The National Ignition Facility at Lawrence Livermore National Lab designed its super laser to fire powerful laser shots at intensities up to 1.8 megajoules, but researchers aren’t stopping there. This week the NIF combined 192 lasers to fire a single 1.875-megajoule shot into a test chamber, and by the time it passed through its final focusing lens the shot had reached 2.03 megajoules, setting a new record for ultraviolet lasers.
That’s significant for a couple of reasons. Firstly, the NIF is now home to the world’s first 2-megajoule UV laser. In and of itself, that’s remarkable. But it also proved that it can surpass its own 1.8-megajoule design parameters without, you know, melting down or exploding or whatever super-powerful lasers do when they test to failure. This allowed it to fire a second shot just a day and a half later, another significant feat.
Why? Researchers eventually want this kind of laser to be able to fire off high-powered shots at 15 per second. That kind of performance is still a ways off, but once achieved it could open the door to nuclear fusion with a net energy gain. A powerful enough–and fast enough–laser could generate and sustain a fusion reaction by imploding hydrogen isotope pellets inside a fusion reactor in such a way that more energy comes out than goes in.

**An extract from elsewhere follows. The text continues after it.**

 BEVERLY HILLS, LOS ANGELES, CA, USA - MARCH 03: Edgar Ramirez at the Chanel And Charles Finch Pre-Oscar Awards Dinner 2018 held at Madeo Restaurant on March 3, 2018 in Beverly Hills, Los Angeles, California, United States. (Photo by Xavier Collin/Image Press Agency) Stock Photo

Again, that’s a long ways off. We haven’t reached the break-even point or even the ignition point necessary to produce a fusion reaction. But we’re getting there. Eighteen months ago the laser had created just one percent of the conditions researchers think necessary for ignition. That’s now jumped by ten percent, mostly in recent months as the effort has picked up steam. The laser could satisfy the requirements for ignition in the next six months, researchers say. So even though we’re a long ways off, we’re getting there.